Speaker backs new Koshi chief minister, kicks up controversyLegal experts deem coalition parties’ inclusion of Speaker as a signatory backing Uddhav Thapa as ‘unconstitutional’
The politics of Koshi Province is in a quagmire. As Province Head Parshuram Khapung on Thursday appointed Nepali Congress parliamentary party leader Uddhav Thapa as the new chief minister, based on claims of majority with the Speaker’s backing, constitutional experts have denounced the move as unconstitutional.
Thapa was appointed in accordance with Article 168(2) of the constitution after he laid claim to lead a majority-based government with the signatures of 46 lawmakers and Speaker Baburam Gautam. Signatures of 29 lawmakers from the Congress, 13 from the CPN (Maoist Centre) including the Speaker’s, four from the CPN (Unified Socialist) and one from the Janata Samajbadi Party were submitted to the provincial head.
But the coalition parties’ inclusion of Speaker Gautam as one of the signatories supporting Thapa for chief minister has been termed ‘unconstitutional’ by legal experts.
“It’s a blunder,” said Bhimarjun Acharya, a constitutional expert. “We cannot imagine the involvement of a Speaker in the formation of a new government.”
Another constitutional expert Bipin Adhikari said the province head could have used his discretion to stop the ‘unconstitutional step’. “He should have clearly said that the Speaker cannot sign to prove a majority.”
Constitutional experts said the Speaker’s is a neutral position as the person detaches himself/herself from partisan allegiance after assuming office.
“The Speaker is the leader of the whole provincial assembly,” said another constitutional expert Chandra Kanta Gyawali. “In case of the motions and bills presented in the provincial assembly, if there is a tie, the Speaker can cast the decisive vote. But they can’t be involved in making and breaking governments.”
Article 186 of the constitution envisions the Speaker voting only to break a tie. It states that all questions submitted for a decision in the Provincial Assembly shall be decided by a majority vote of the members present and participating in voting. “The member presiding over the meeting shall not have the right to vote…Provided that he or she may exercise his or her casting vote in the case of a tie.”
On getting elected to the post, Koshi Speaker Baburam Gautam had renounced his allegiance with the Maoist party as long as he remained in the post.
The UML, the Rastriya Prajatantra Party, and some ruling party leaders are strictly opposed to the idea of the Speaker backing a party to form a new government.
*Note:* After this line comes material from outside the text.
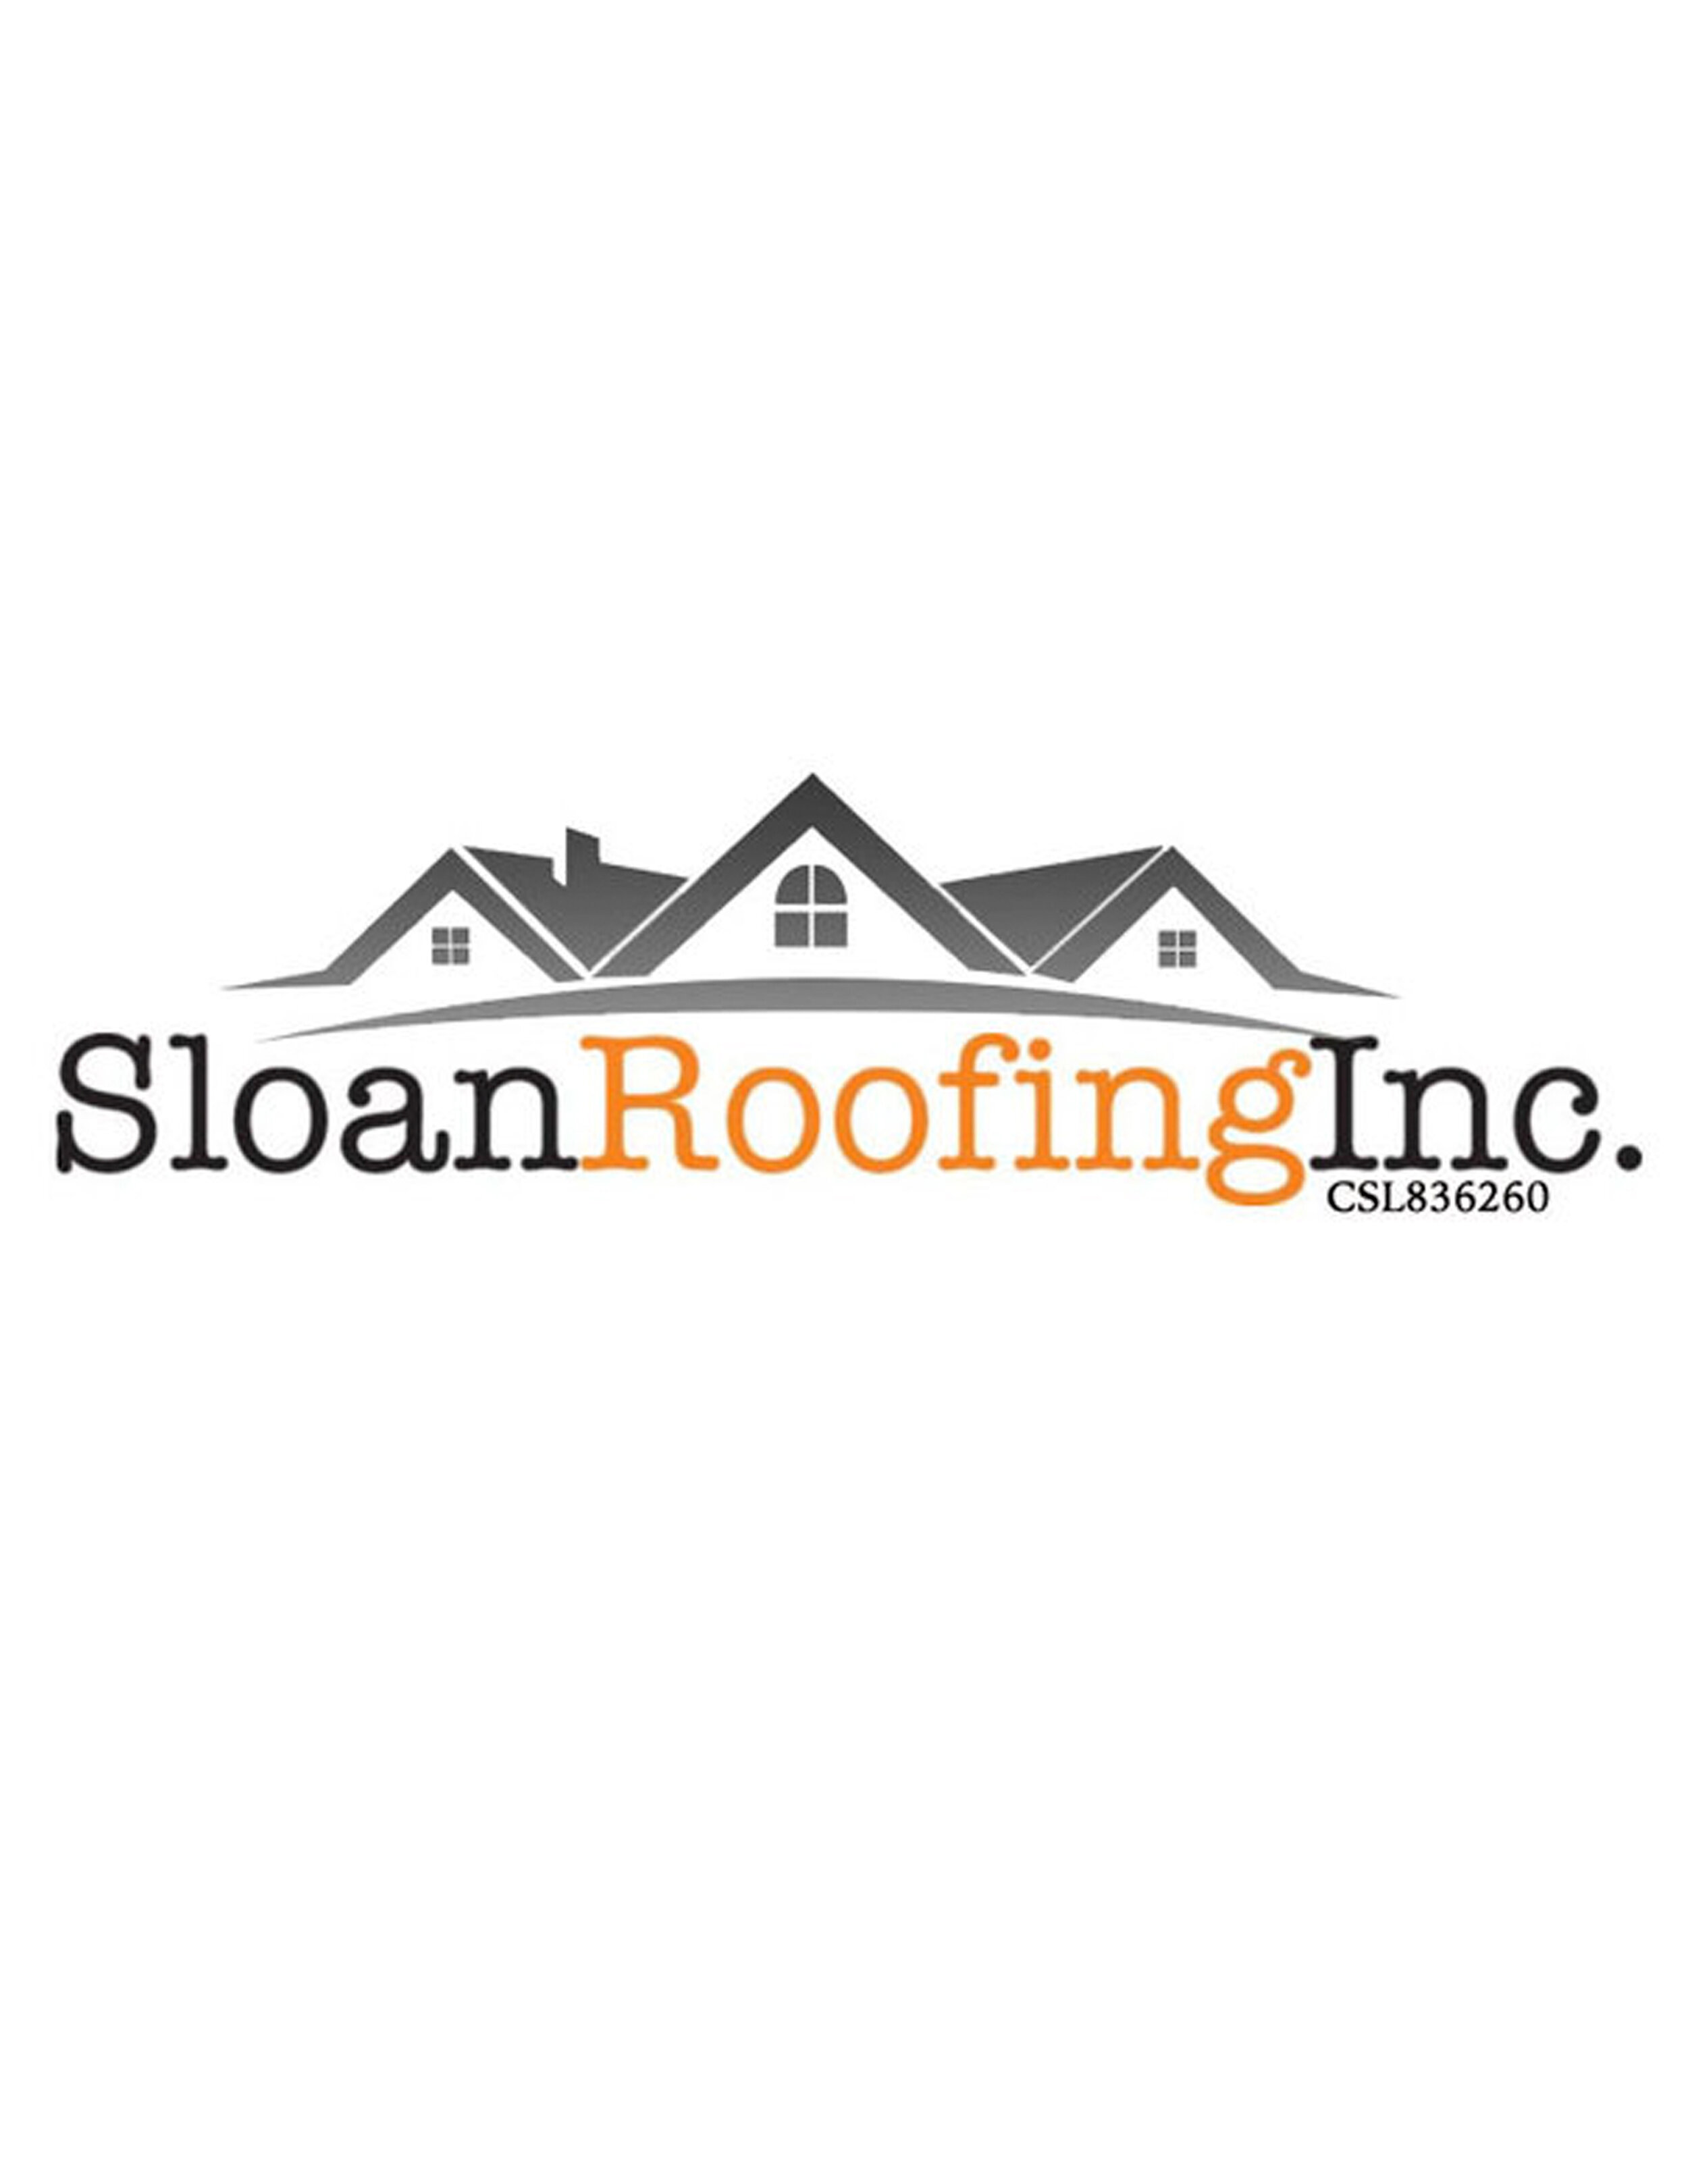 Sloan Roofing Logo.jpg

Earlier on Thursday, the CPN-UML and the Rastriya Prajatantra Party had submitted a memorandum to the province head asking him not to recognise the claim made with the support of the incumbent Speaker. They have argued that a Speaker cannot take sides to form a government as the position of the head of the legislature is neutral.
Even key leaders of the ruling coalition in Kathmandu have opposed the idea of taking the Speaker’s support to form a government. Writing on social media, Nepali Congress leader Shekhar Koirala said the Speaker signing to form a new government is against the principle of constitutional supremacy and democratic parliamentary system.
“If the Speaker, except casting a vote to break a tie in the parliamentary process… becomes active and casts a vote for forming, removing or supporting the executive, such a move will be against the dignity and practice of parliamentary democracy, and the rule of law.”
Province Head Khapung on Sunday had issued a notice calling on political parties to come up with a proposal to form a new government by 5 pm Thursday. Coalition partners had earlier sought the support of the Rastriya Prajatantra Party to form the government in Koshi. But the party declined to join the new coalition.
The Koshi provincial assembly is 93-strong.
Chief Minister Hikmat Bahadur Karki lost the position after failing to secure the vote of confidence during the floor test in the provincial assembly on June 30. He then led the government as an acting chief minister.
Following his election, Congress leader Thapa said he will form a small Cabinet and continue to try to garner the support of more assembly members to secure a vote of confidence.
Experts have warned that such a move poses a big question over the neutrality and the dignity of the position.
“How will the Speaker be in a neutral position now? If the Speaker signs to form the government, it’s a political act and they become the Speaker of a political alliance,” said Gyawali, the constitutional expert.
Koshi Speaker Gautam, however, claims he studied parliamentary practices elsewhere and found that Speakers’ names are also included while sending the list of assembly members/lawmakers to the President or governors to stake claim to a majority government. “This matter has become noticeable in our province due to the tricky parliamentary numbers here.”
According to him, he acted not out of choice but out of obligation. “We had to find a way to end the stalemate. We could not have an impasse in the province. I will maintain my neutrality and will not at all compromise on my responsibility,” he told the Post.